Case study: A 37 year old woman with a history of migraines presented to an urgent care center with an atypical headache. She had awakened with the headache, an uncommon occurrence for her. Although severe, the headache was different in character compared with her usual migraine headaches and was unrelieved by her usual migraine medication. Careful investigation revealed that she had used permethrin, applying it her skin from neck to feet prior to going to bed the previous night. The patient had consulted a family nurse practitioner (FNP), at her place of employment, for an “ugly” rash. The FNP had correctly diagnosed the rash as astineacorporis but prescribed treatment indicated for scabies. The patient’s headache was successfully treated with Toradol and intravenous fluid bolus.

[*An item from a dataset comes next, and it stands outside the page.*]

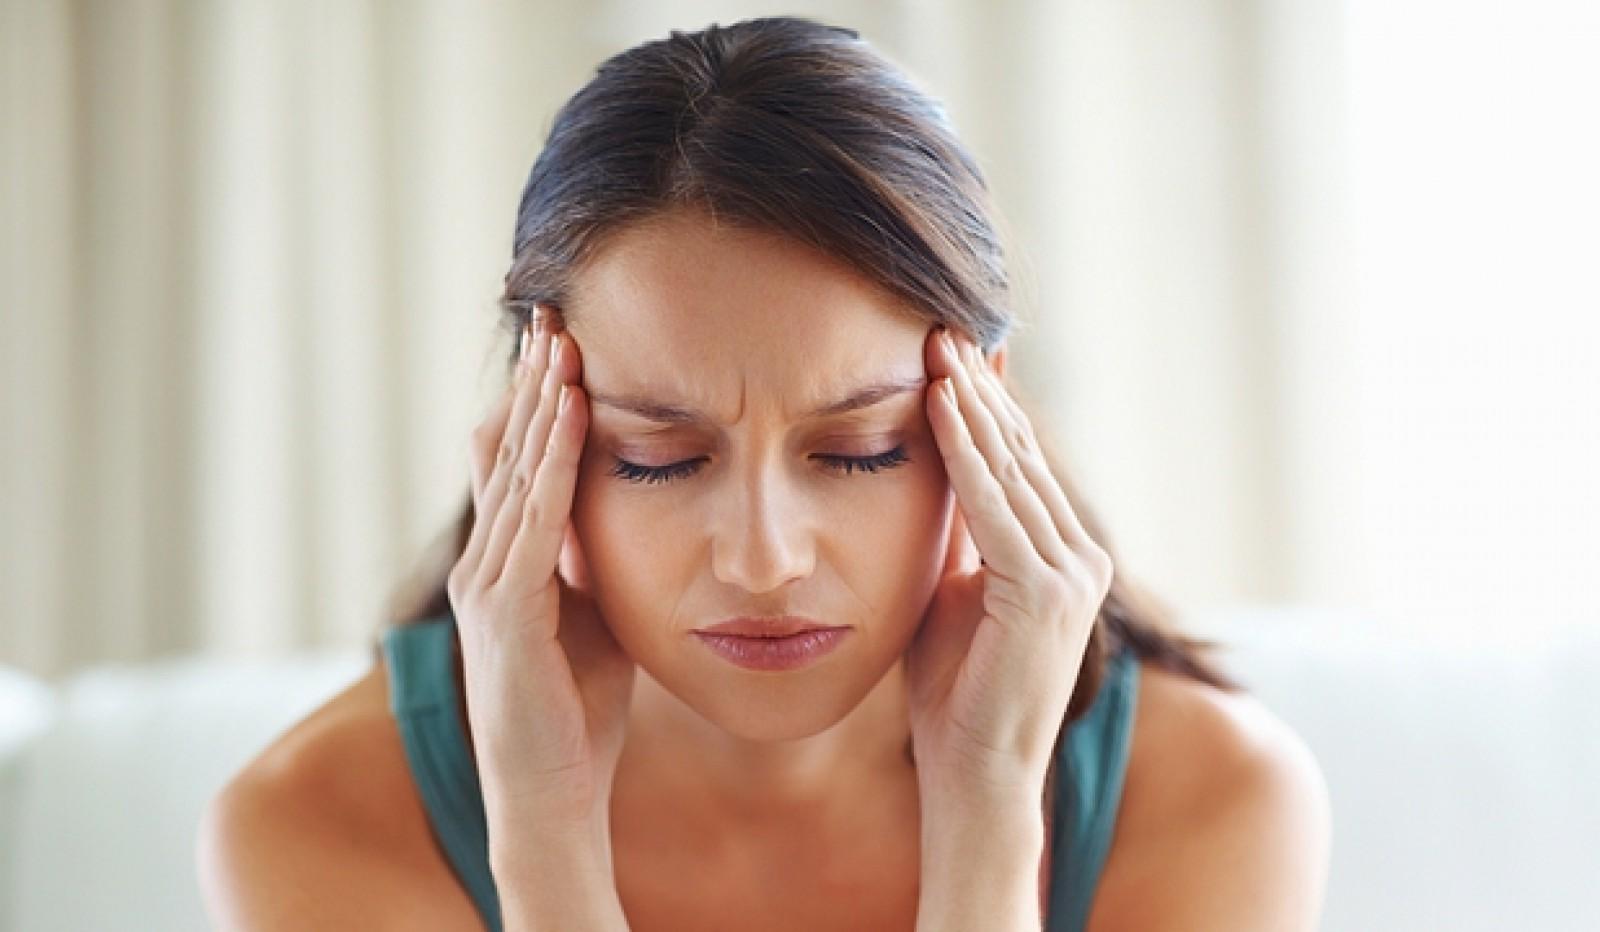 Ce sunt tulburările somatoforme şi cum pot fi diagnosticate

Permethrin: Permethrin is a neurotoxin, used extensively as a pesticide and insect repellent. It is classified as a restricted use pesticide (RUP) by the Environmental Protection Agency (EPA) due to its toxic effects on aquatic life and beneficial insects, such as honey bees.¹ Although little is known about its neurotoxicity in humans,² permethrin is first line treatment for scabies, considered safe for infants as young as two months old.³ Systemic adverse events are reportedly rare, but do include headache.⁴

Discussion: Adverse drug events (ADEs) resulting from errors, considered preventable ADEs, are associated with unacceptable costs to the US healthcare system, in addition to inordinate pain and suffering.⁵ A preventable (ADE) resulting from the wrong medication being prescribed for a correctly diagnosed condition could potentially be avoided by the inclusion of a diagnoses on medication prescriptions. Error checks built into software systems could alert practitioners and/or pharmacists of a mismatch between medication and indication. Further research is needed to investigate the feasibility and value of potential interventions for reducing preventable ADEs.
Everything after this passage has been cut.